Figure 4: Scaling properties of the Switch Transformer. Despite all models using an equal computational budget, we observe consistent improvements scaling the number of experts.

Figure 5

Figure 5: Speed advantage of Switch Transformer. For a fixed amount of computation and training time, Switch Transformers significantly outperform the dense Transformer baseline.

Fine-Tuning and Distillation

The Switch Transformer exhibits substantial improvements during fine-tuning across diverse NLP tasks, including GLUE, SuperGLUE, SQuAD, and TriviaQA. The architecture supports effective model distillation, compressing large sparse models into dense variants while preserving a significant fraction of the quality improvements.

Multilingual and Scaling Design

In multilingual training, Switch Transformers demonstrate effective scaling properties, displaying mean step speed-ups against mT5-Base.
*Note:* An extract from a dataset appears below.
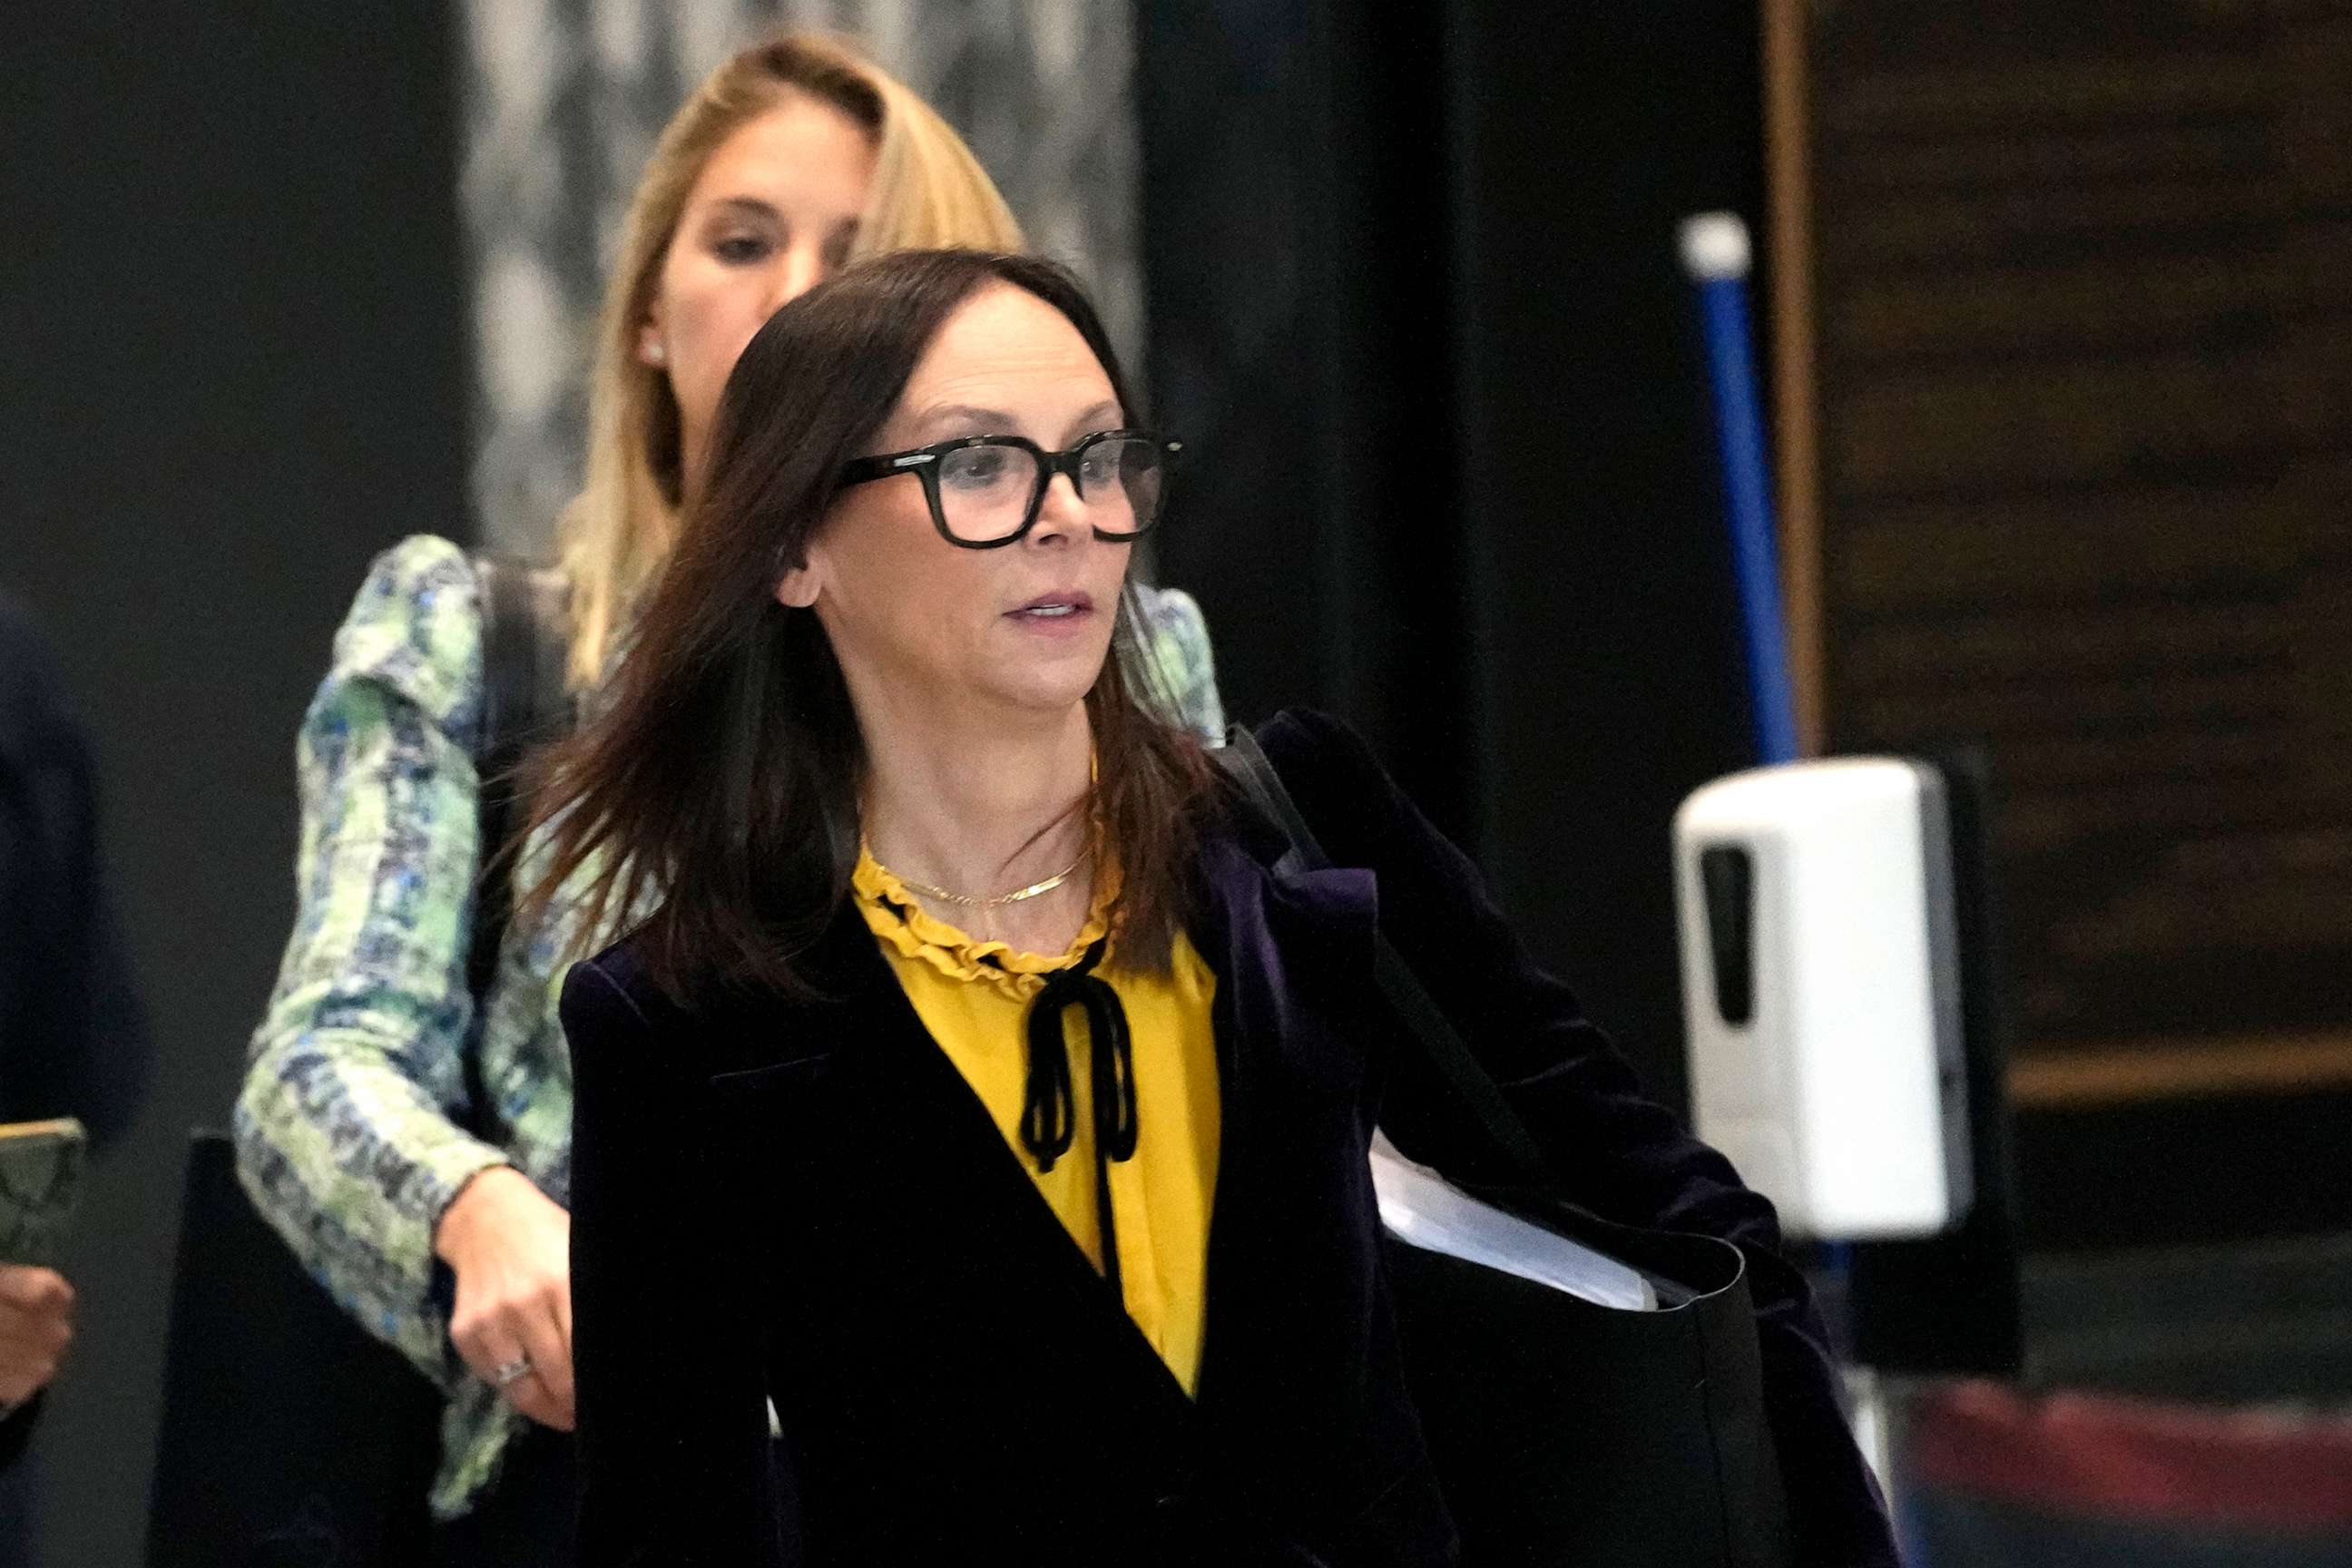 PHOTO: Attorneys for R. Kelly, Jennifer Bonjean, right, and Ashley Cohen arrive at the Dirksen Federal Building for Kelly's sentencing hearing on Feb. 23, 2023, in Chicago.

These models incorporate a blend of data, model, and expert-parallelism, achieving parameter scales up to 1.6 trillion, showcasing enhanced sample efficiency and reduced training duration compared to large-scale dense models. Figure 6

Figure 6

Figure 6: Multilingual pre-training on 101 languages. Improvements of Switch T5 Base model over dense baseline when multi-task training on 101 languages.

Figure 7

Figure 7: Multilingual pre-training on 101 languages. We histogram for each language, the step speedup of Switch Transformers over the FLOP matched T5 dense baseline to reach the same quality.

Conclusion

The Switch Transformer establishes a paradigm shift in the design and scalability of large-scale LLMs through its focus on sparse activation and computational efficiency. Its adoption may catalyze future advancements in sparsely-activated architectures, embracing both multilingual contexts and expansive parameter scales.